REG=registry.internal.example.com/gaby   # your registry

docker build -f ops/docker/Dockerfile.backend \
  --build-arg GABY_VERSION=0.3.0 \
  -t "$REG/gaby-backend:0.3.0" .

docker build -f ops/docker/Dockerfile.web \
  -t "$REG/gaby-web:0.3.0" .

docker push "$REG/gaby-backend:0.3.0"
docker push "$REG/gaby-web:0.3.0"

Then set both image: fields in ops/k8s/backend.yaml and ops/k8s/web.yaml to your registry path.

2. Provision the Postgres database

Gaby runs its own schema migrations at boot (schema_sync), but it won't CREATE DATABASE. Create the database + role on your cluster Postgres:

CREATE ROLE gaby LOGIN PASSWORD 'a-strong-password';
CREATE DATABASE gaby OWNER gaby;

Note the in-cluster DSN, e.g. postgres.db.svc.cluster.local:5432. The driver prefix must be postgresql+asyncpg://.

Memory graph backend

The manifests default GABY_MEMORY_BACKEND=sqlite (memory graph on the data PVC) so you don't need the Apache AGE extension. To run graph-native memory in Postgres, set GABY_MEMORY_BACKEND=postgres-age + GABY_MEMORY_POSTGRES_DSN against an AGE-enabled database. The main relational store (GABY_DB_URL) is Postgres either way.

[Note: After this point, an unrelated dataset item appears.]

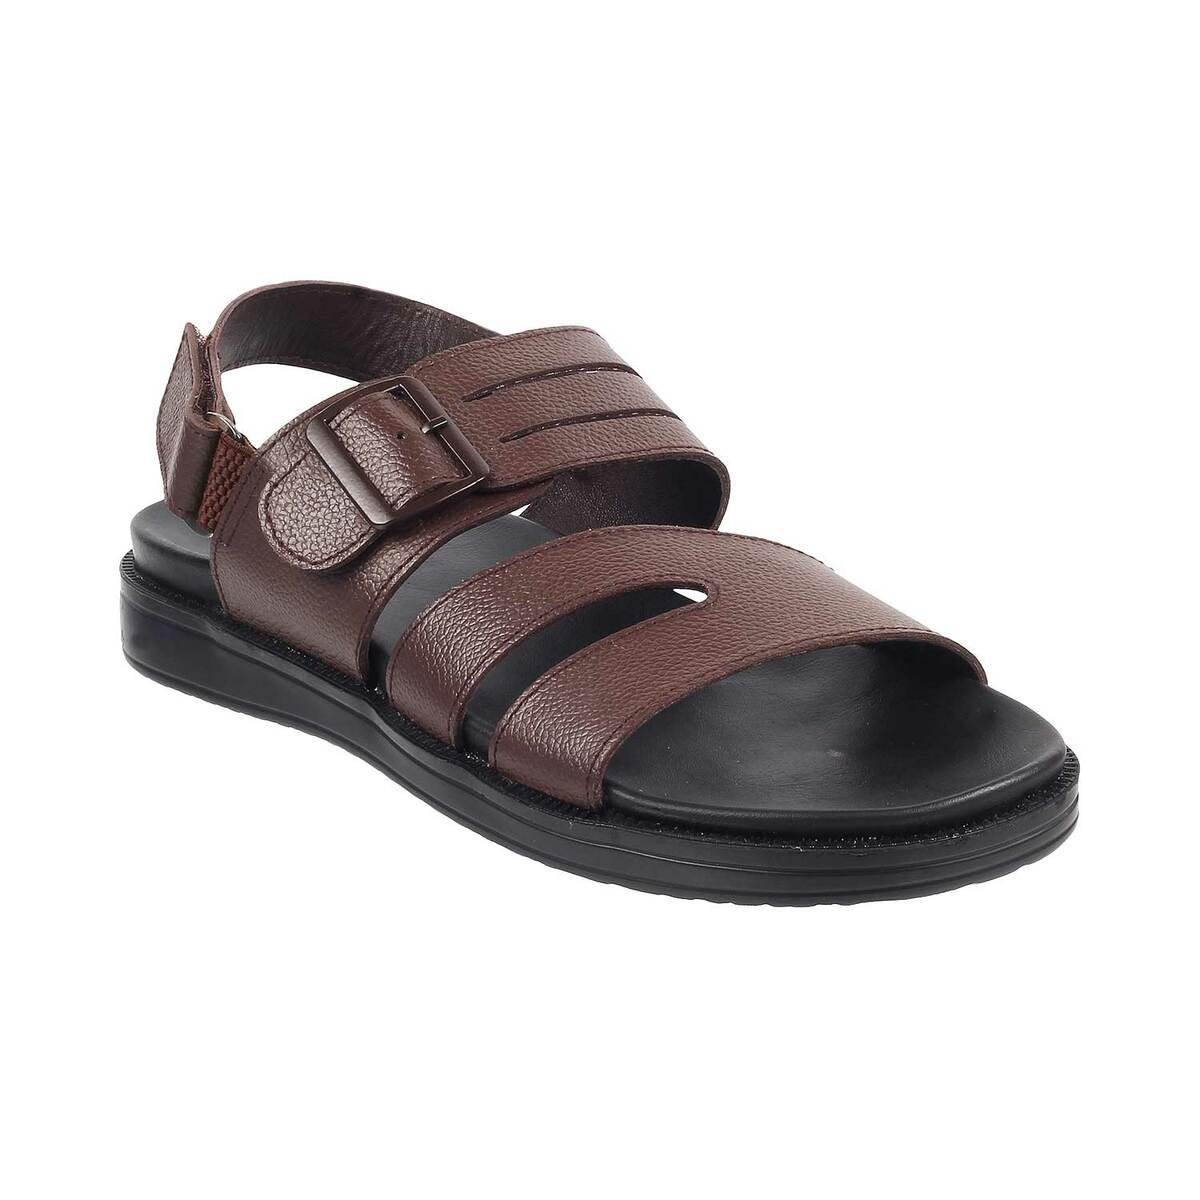 Buy ID Men Tan Casual Sandals Online | SKU: 52-4033-23-40 – Mochi Shoes-sgquangbinhtourist.com.vn
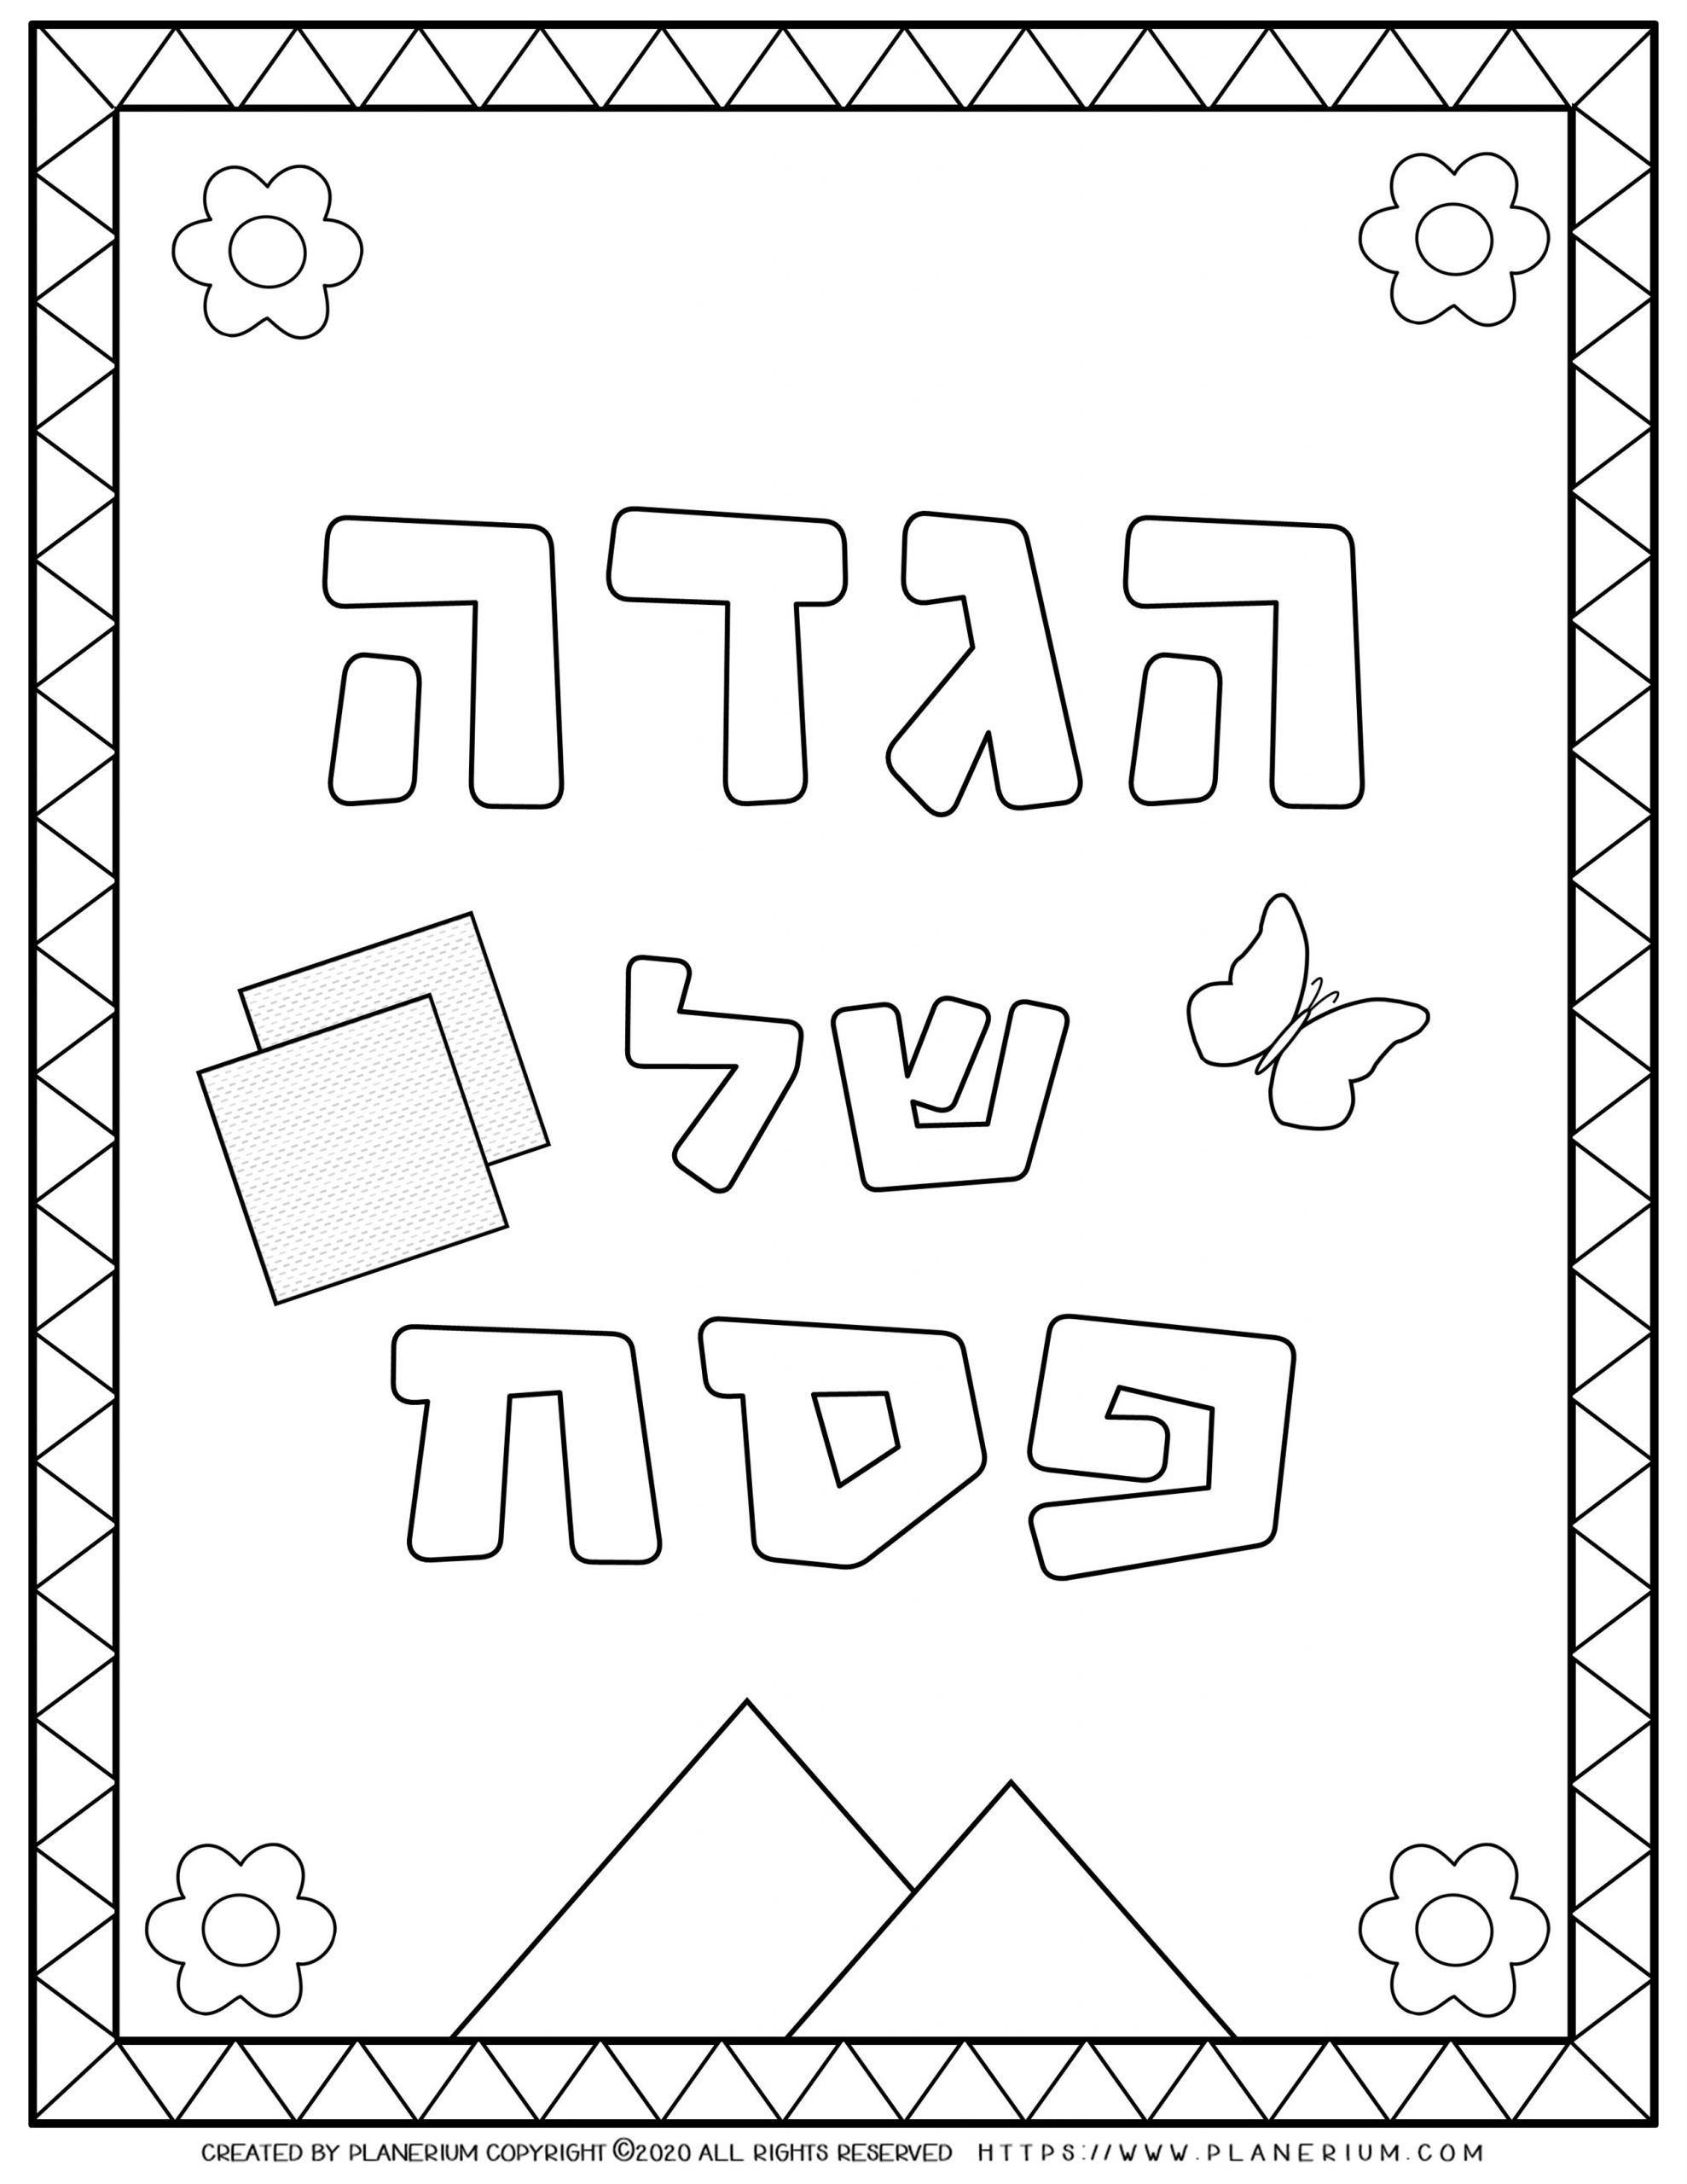 Download Passover - Coloring Page - Haggadah Book Cover in Hebrew ...

3. Create the namespace + secrets

kubectl apply -f ops/k8s/namespace.yaml

kubectl -n gaby create secret generic gaby-secrets \
  --from-literal=ANTHROPIC_API_KEY="sk-ant-..." \
  --from-literal=GABY_SESSION_SECRET="$(openssl rand -hex 32)" \
  --from-literal=GABY_DB_URL='postgresql+asyncpg://gaby:a-strong-password@postgres.db.svc.cluster.local:5432/gaby'

GABY_SESSION_SECRET is the envelope-encryption key for connector configs and escalation-channel credentials at rest, set it once and keep it stable; rotating it invalidates every stored secret.

(Or copy ops/k8s/secret.example.yamlsecret.yaml, fill it in, and kubectl apply -f it. secret.yaml is gitignored.)

4. Edit config + apply

Edit ops/k8s/configmap.yaml, set GABY_PUBLIC_WEB_URL to your ingress host (so the first-run bootstrap link is reachable). Edit ops/k8s/ingress.yaml, set the host + TLS secret. Then:

kubectl apply -f ops/k8s/configmap.yaml
kubectl apply -f ops/k8s/backend.yaml
kubectl apply -f ops/k8s/web.yaml
kubectl apply -f ops/k8s/ingress.yaml

5. Bootstrap the admin

kubectl -n gaby logs deploy/gaby-backend | grep first_run_bootstrap_minted

Open the printed URL (it uses GABY_PUBLIC_WEB_URL), create your admin account, log in. Confirm the consumer started:

kubectl -n gaby logs deploy/gaby-backend | grep investigation_consumer_started

6. Connect in-cluster systems (the payoff)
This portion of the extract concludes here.